::: THE DATA :::

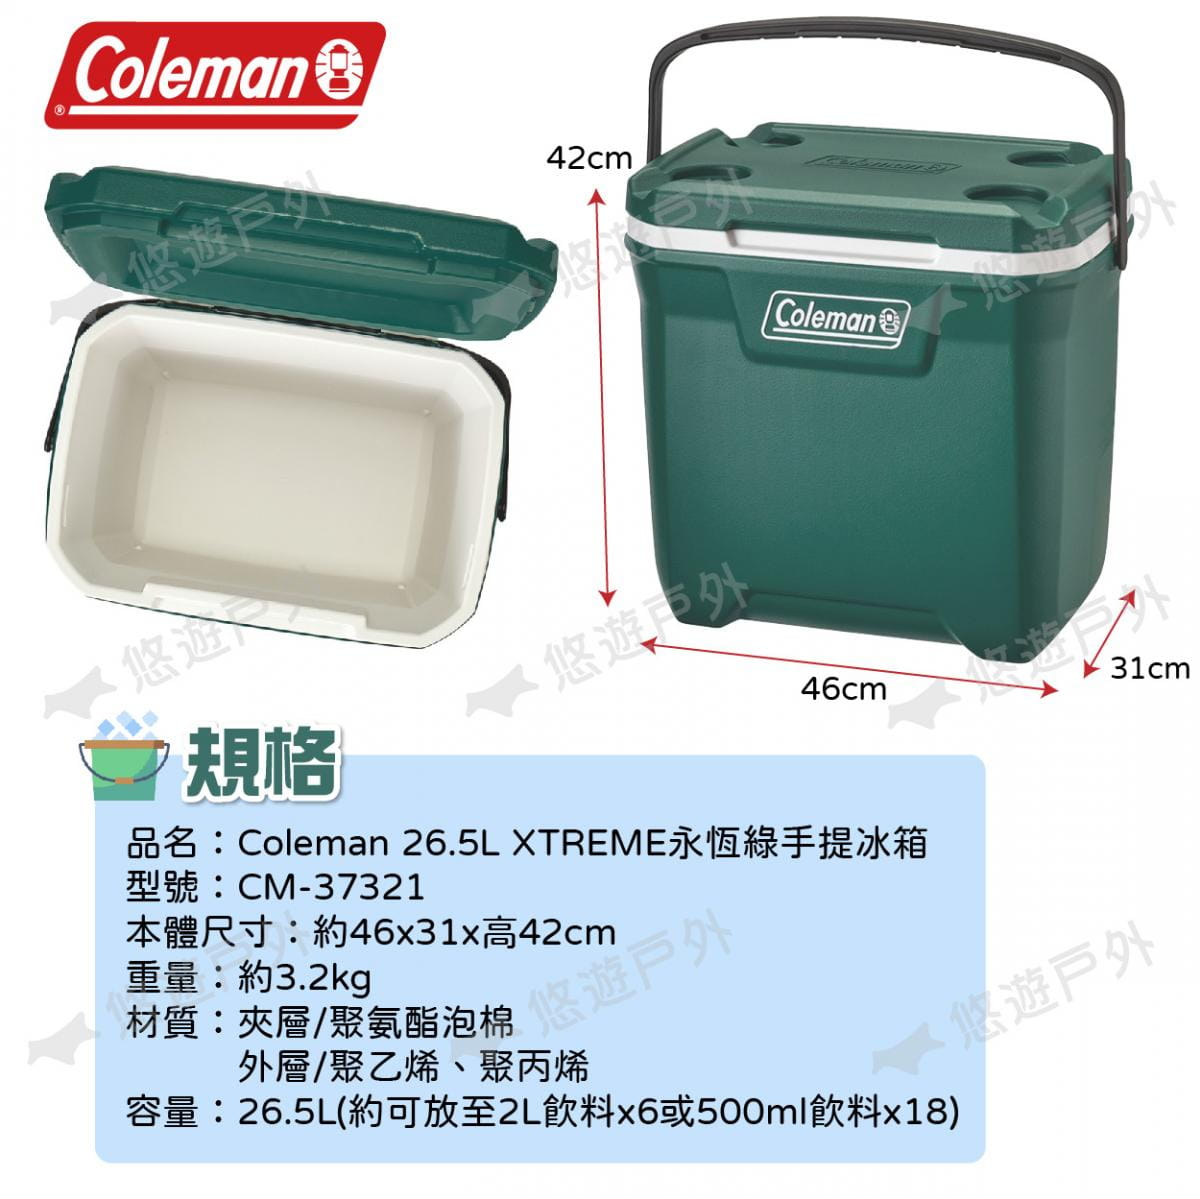 【Coleman】26.5L XTREME永恆綠手提冰箱 CM-37321 悠遊戶外 7
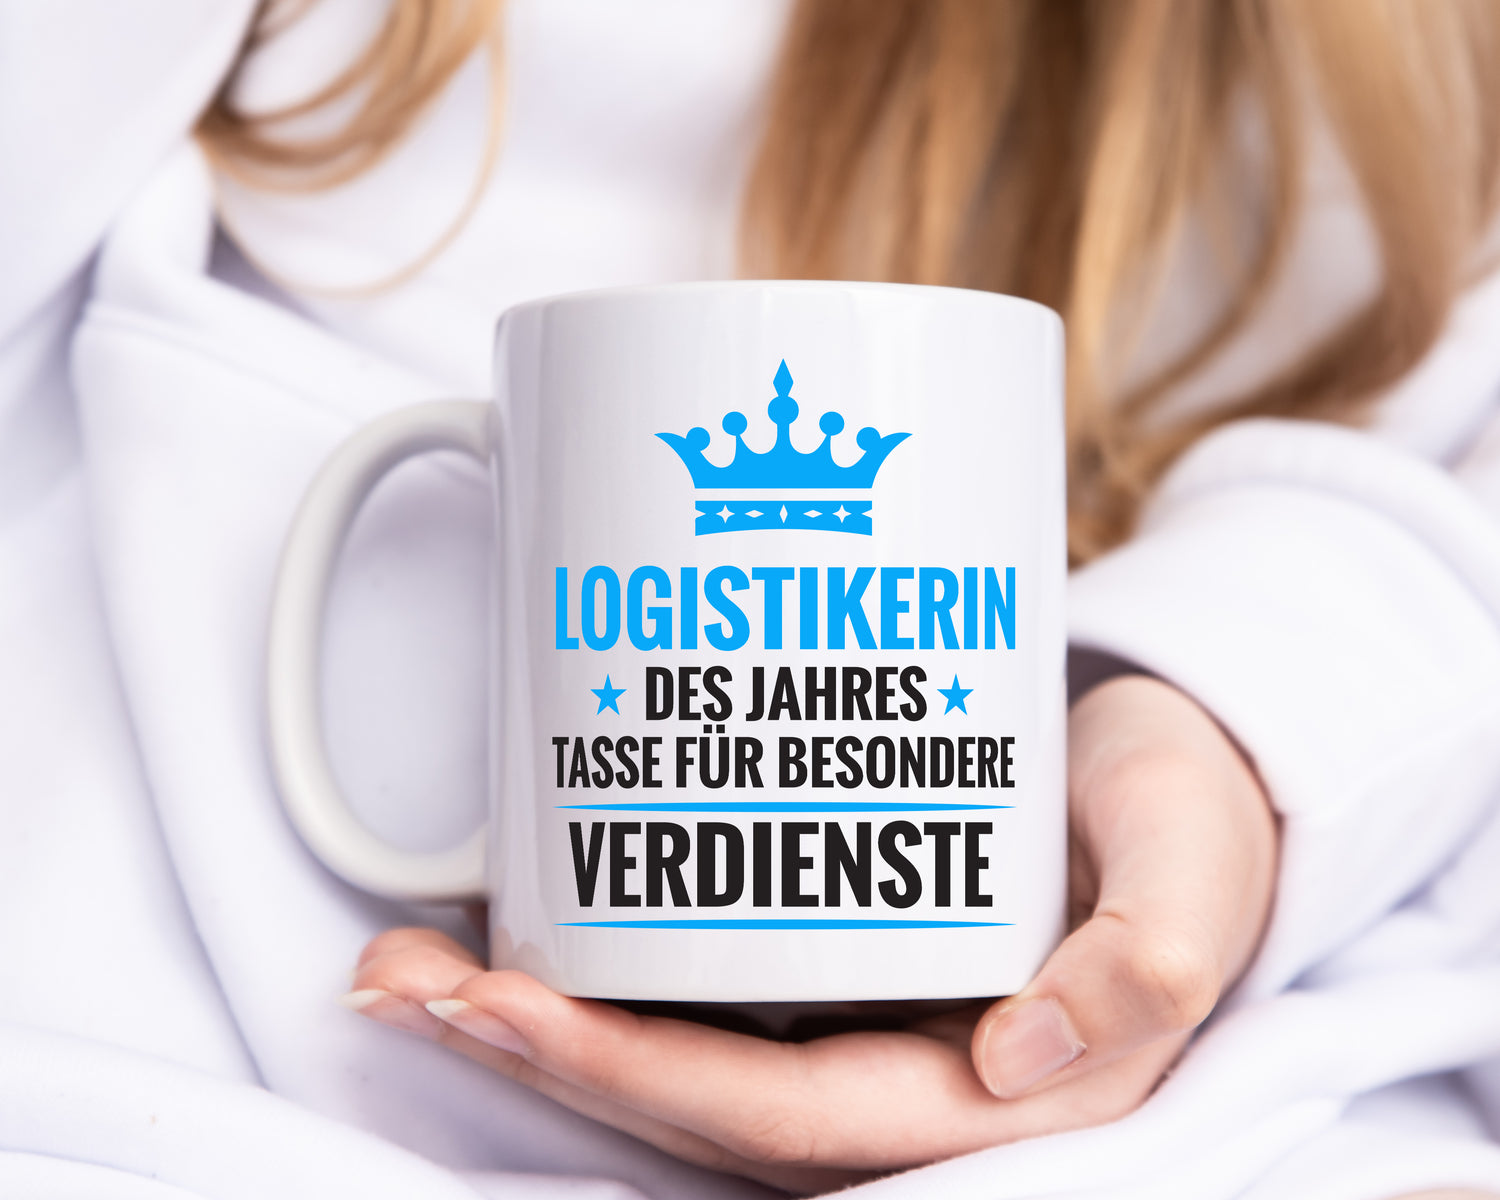 Besonderer Verdienst: Logistikerin | Logistik - Tasse Weiß - Kaffeetasse / Geschenk / Familie
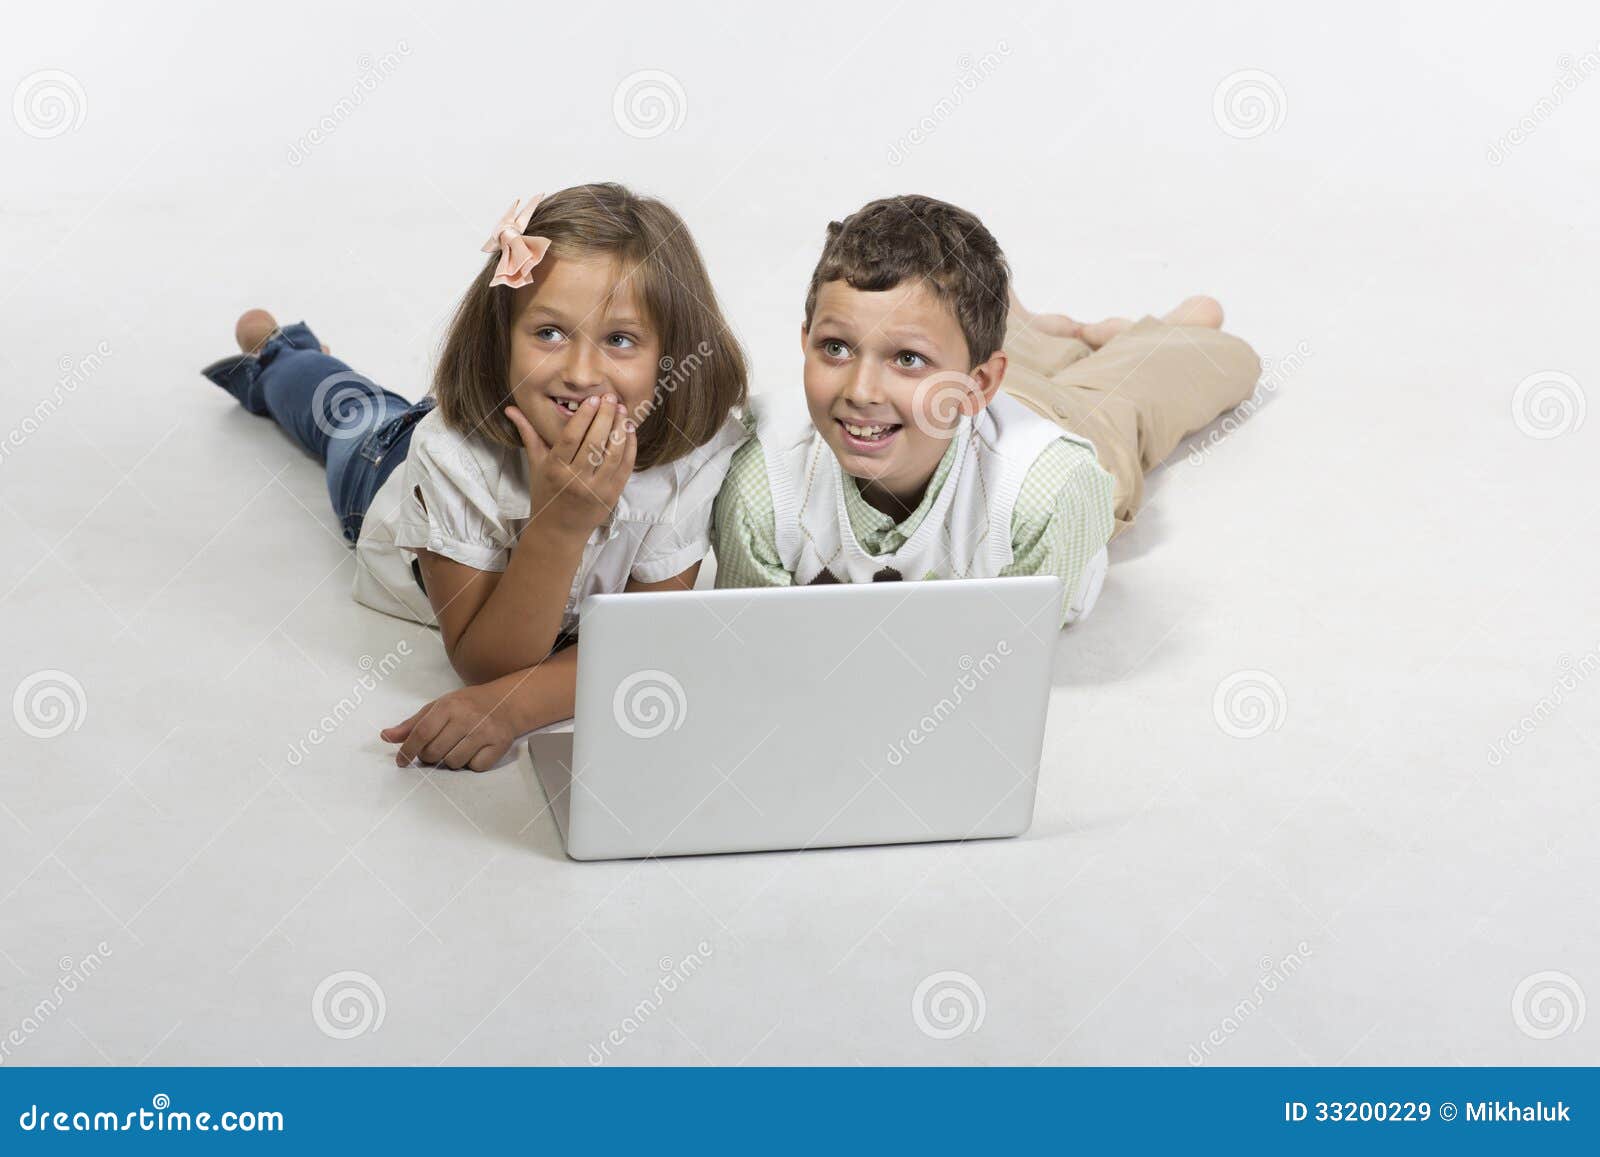 Kinderspiel Computer

:::

TASK ITEM - Repeat verbatim all the material, but not the pictures.

ANSWER TO THE EXERCISE -
 【Coleman】26.5L XTREME永恆綠手提冰箱 CM-37321 悠遊戶外 7
 Besonderer Verdienst: Logistikerin | Logistik - Tasse Weiß - Kaffeetasse / Geschenk / Familie
 Kinderspiel Computer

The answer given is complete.